KIDNEY FAILURE CAN BE DIFFICULT TO DETECT UNTIL TOO LATE!!!

Nature has designed the kidneys and made them very resilient to underscore their importance, but this very privilege, has a sneaky blank side; the incipient phases can be hidden until as much as 80% function is lost without being detected, in which case the remaining nephrons work HARDER individually to compensate, so that resilience that enables one to donate kidney etc. creates that crucial blind spot.

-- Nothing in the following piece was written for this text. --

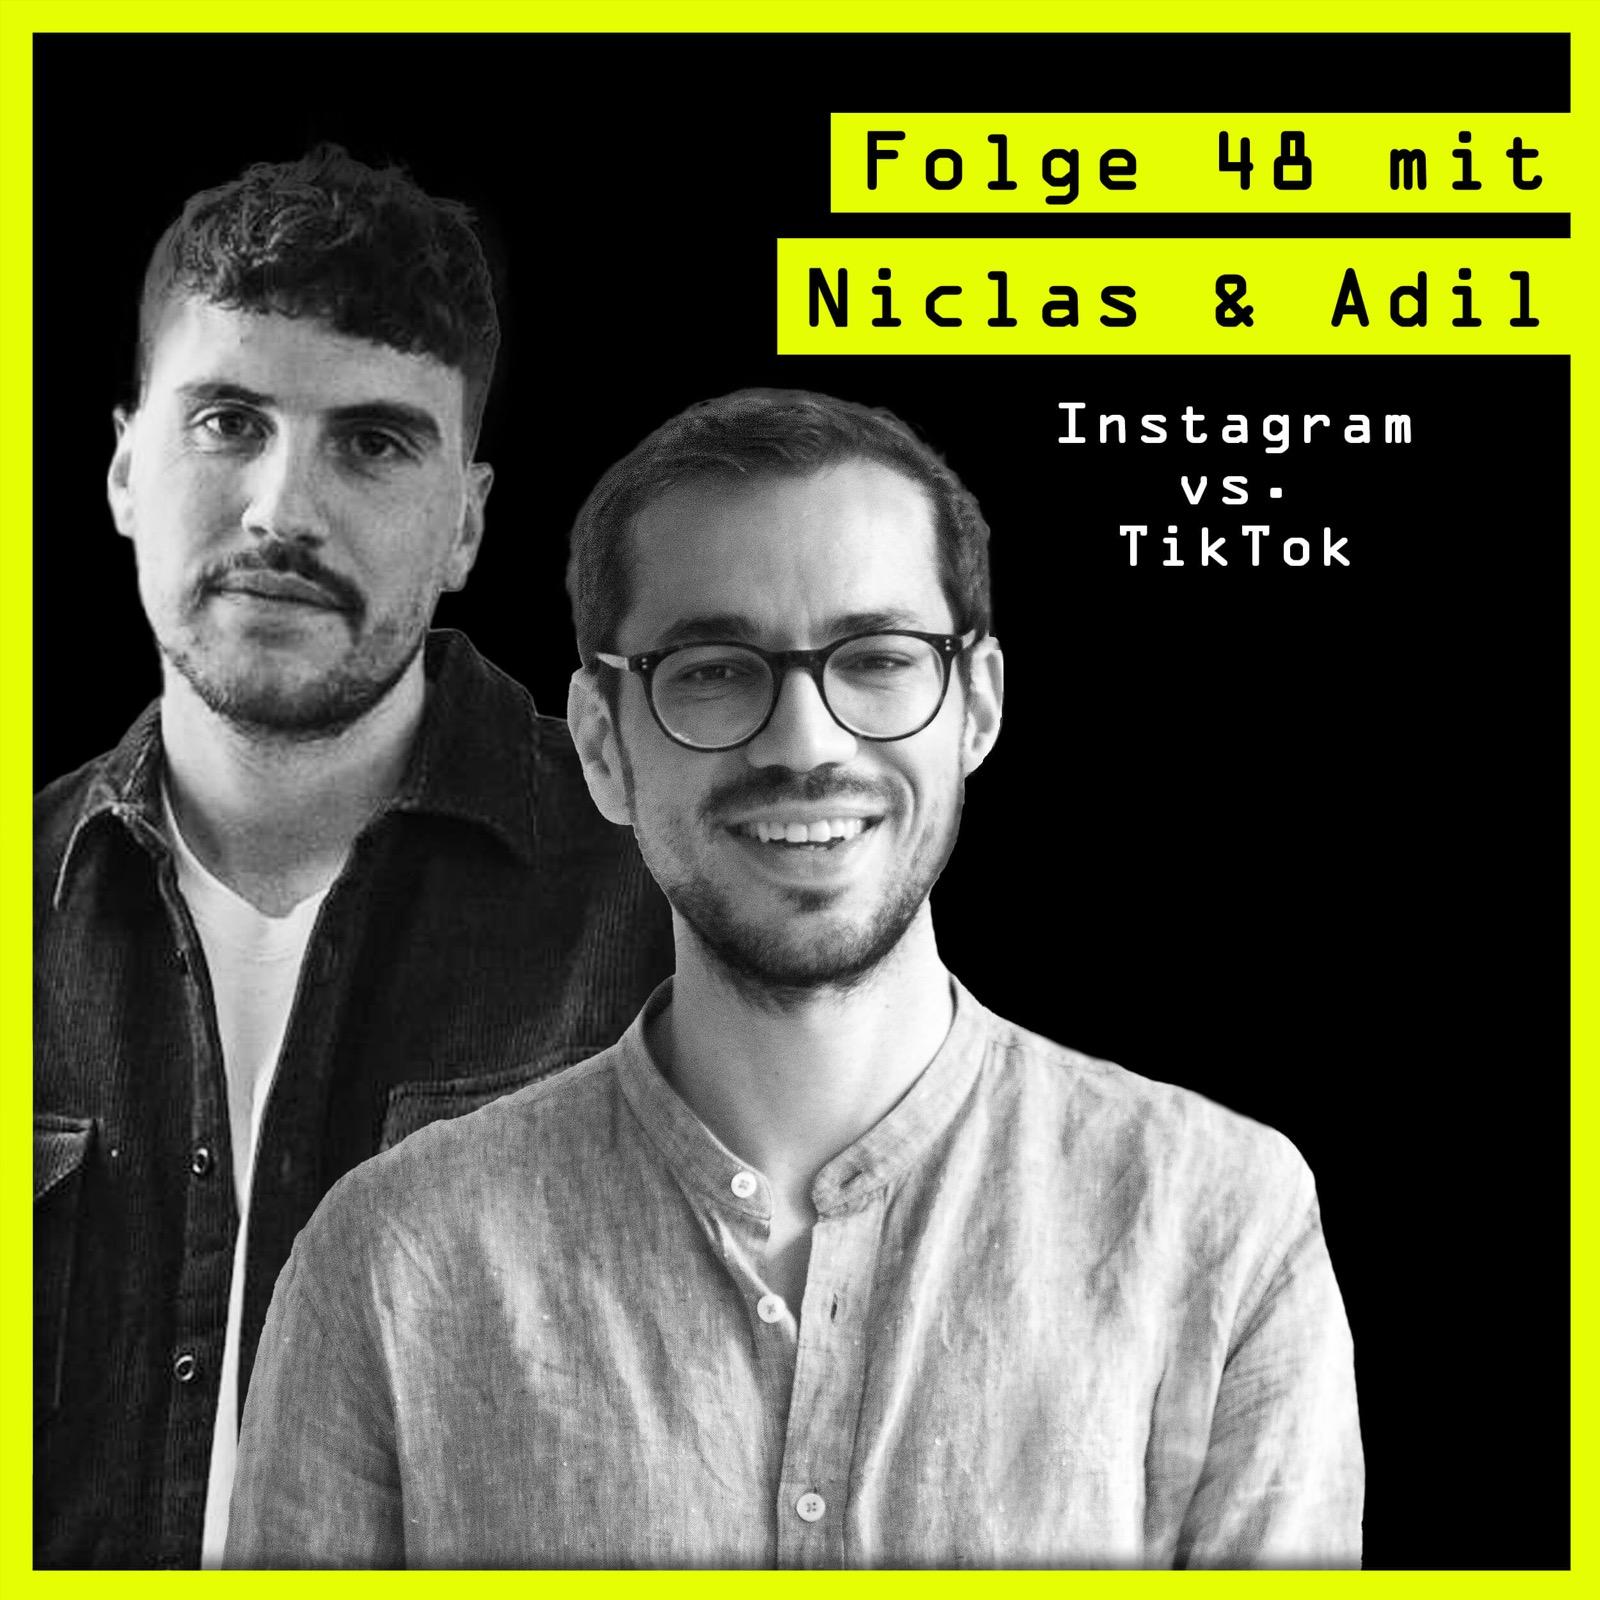 #48 mit Niclas Kroll (CEO, hypelab GbR) und Adil Sbai (CEO, weCreate): über Instagram vs. TikTok

=>My Dad’s Kidney Failure was diagnosed when he got to GFR less than 15(Less than 15 is end stage), in BIG Part due to professional malfeasance, and I kinda thank God I didn’t meet him face to face the time my Dad got admitted second time, I would have knocked him out! 4 Days into his admission with 2 major organ failures and he had slid the file to some residents and had NOT appeared at my Dad’s bedside one time! I called his ass and almost shouted him dead if such a thing was possible. That stupid cardiologist NEVER issued a referral for my Dad to a Nephrologist, just to keep all the consultation fees, when his kidneys were dying for 9 ears, as he did those very same tests that disclose this condition, only for us to find when he didn’t have any kidneys left. The ONLY thing he said was when my Dad had a second heart attack with heart/kidney failure prognosis that “they might do dialysis” and never said why either. I told that idiot, that was the last act of professional malfeasance h will exact on my Dad, and I took him from KNH to Aga Khan and he was dead about 3 months later.

That is why I wrote this other article which someone may gain one or two pointers from for a loved one, for the things I was learning very bitter and always too late, and told anyone who wanted to get that cardiologist at KNH pointed out to ask me privately, so they don’t lose their own loved one under him.

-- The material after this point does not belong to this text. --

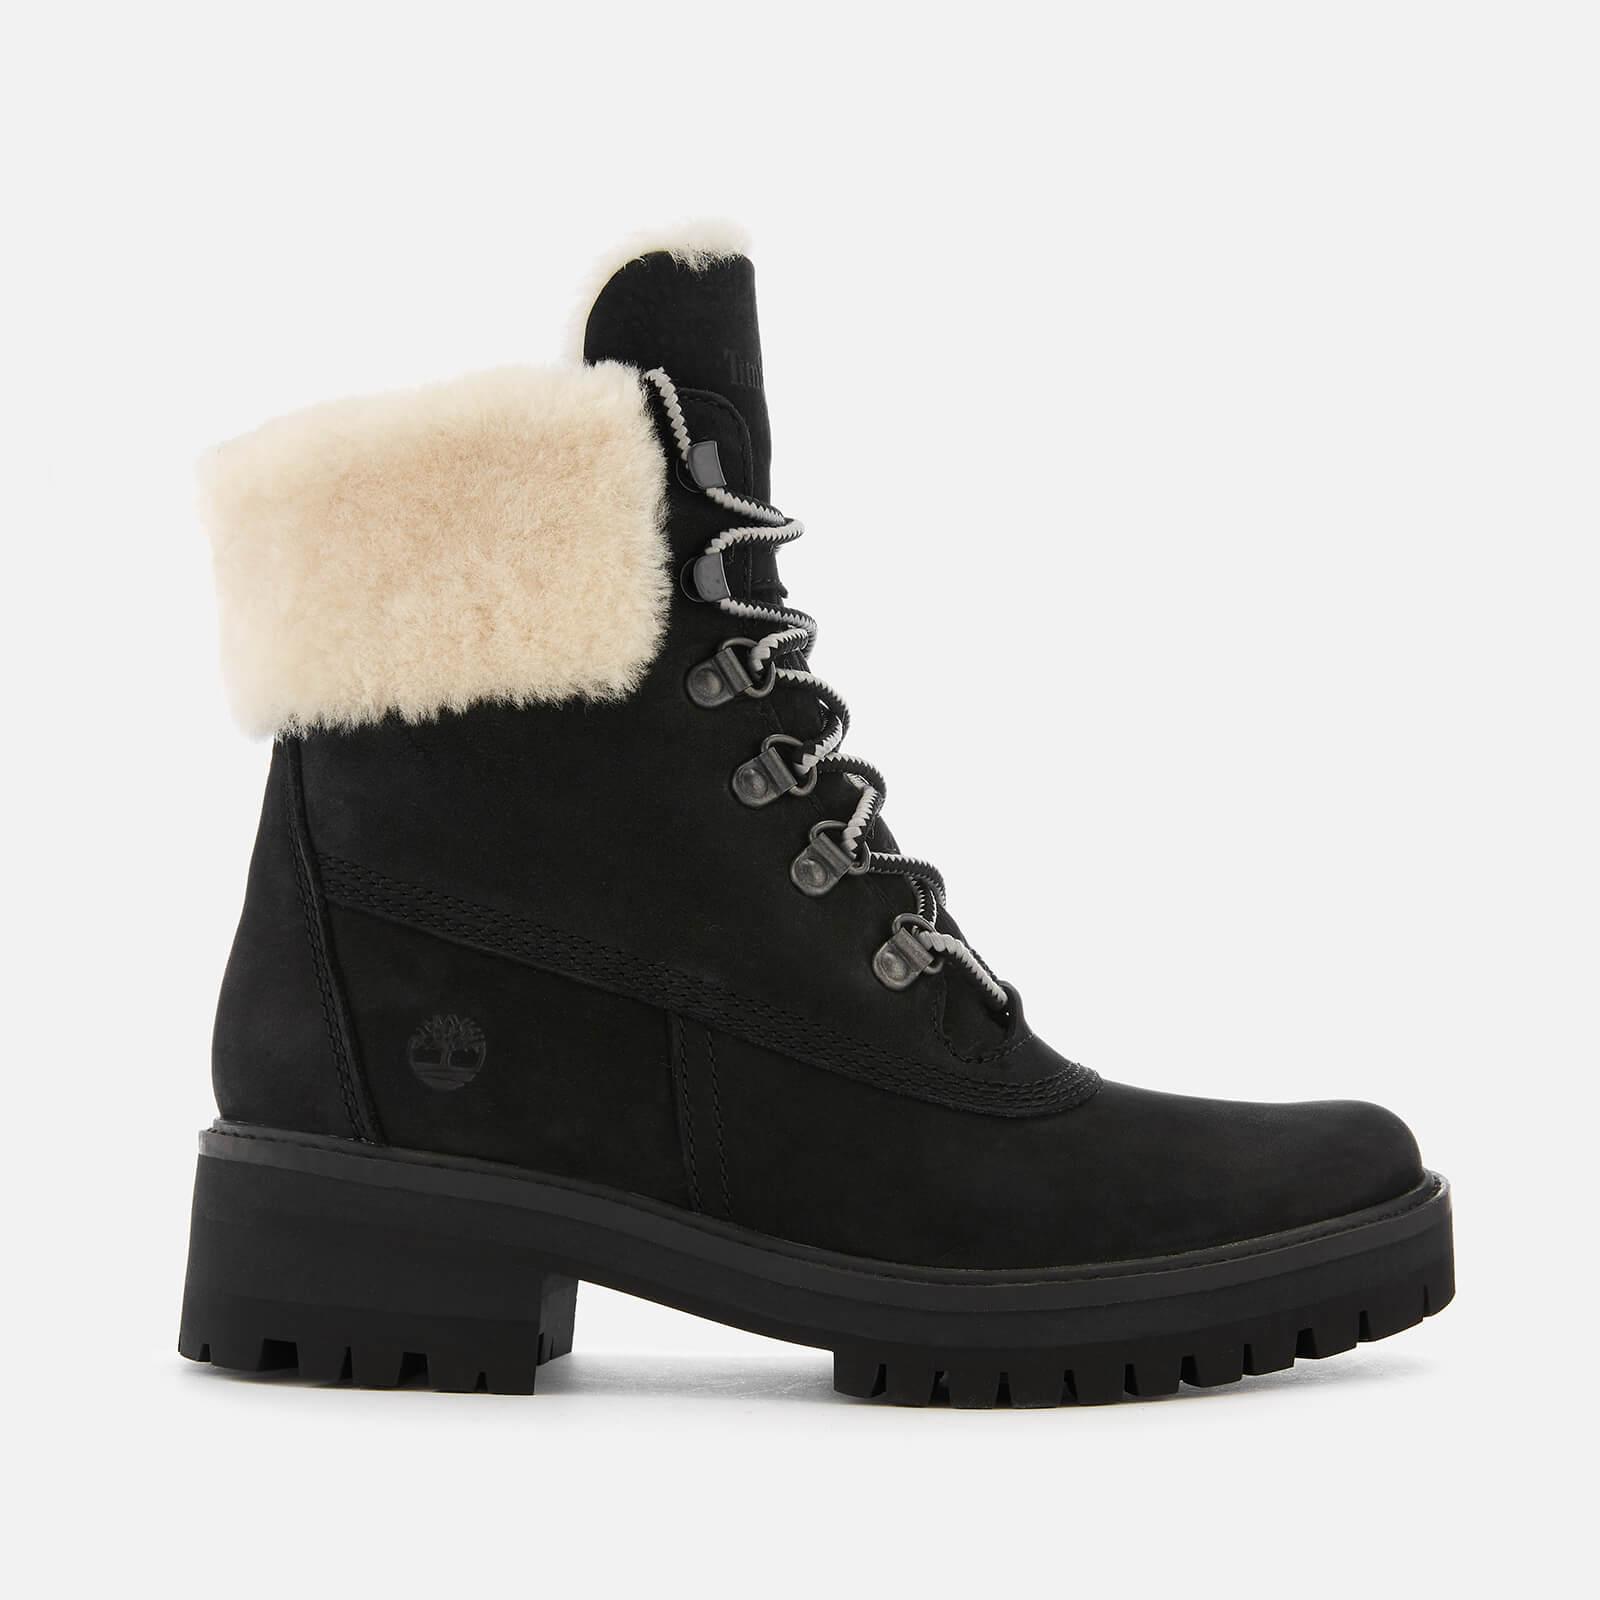 87f8c7283c5bda Timberland Women s Courmayeur Valley Shearling Lace Up Boots - Black Womens  Footwear

Symptoms Of Failing Kidneys:

The most important defense mechanism is “Frequent Kidney Screening”. Depending on your risk profile, that annual check can help you catch the problem early and be more effective.

Some of the symptoms that may manifest are:

Note: These symptoms can really get mixed up if one got heart conditions because of the similarities, one of the reasons it can be caught very late.

=>Blood in the Urine

=>Excessive Foam in Urine-indicative of extra protein presence in the urine.

=>Occasionally pain to the touch on the kidney areas(upper abdomen towards the back)

=>Unusual nausea and fatigue

=> Feeling Disoriented or confused.

=>Feeling cold when others are warm.

Anyway my friend good luck in your ventures and hopefully one or two things here in might help you in your decision making process. I will paste part of this under a different headline which might get caught by someone else in a different context and maybe prove somewhat useful.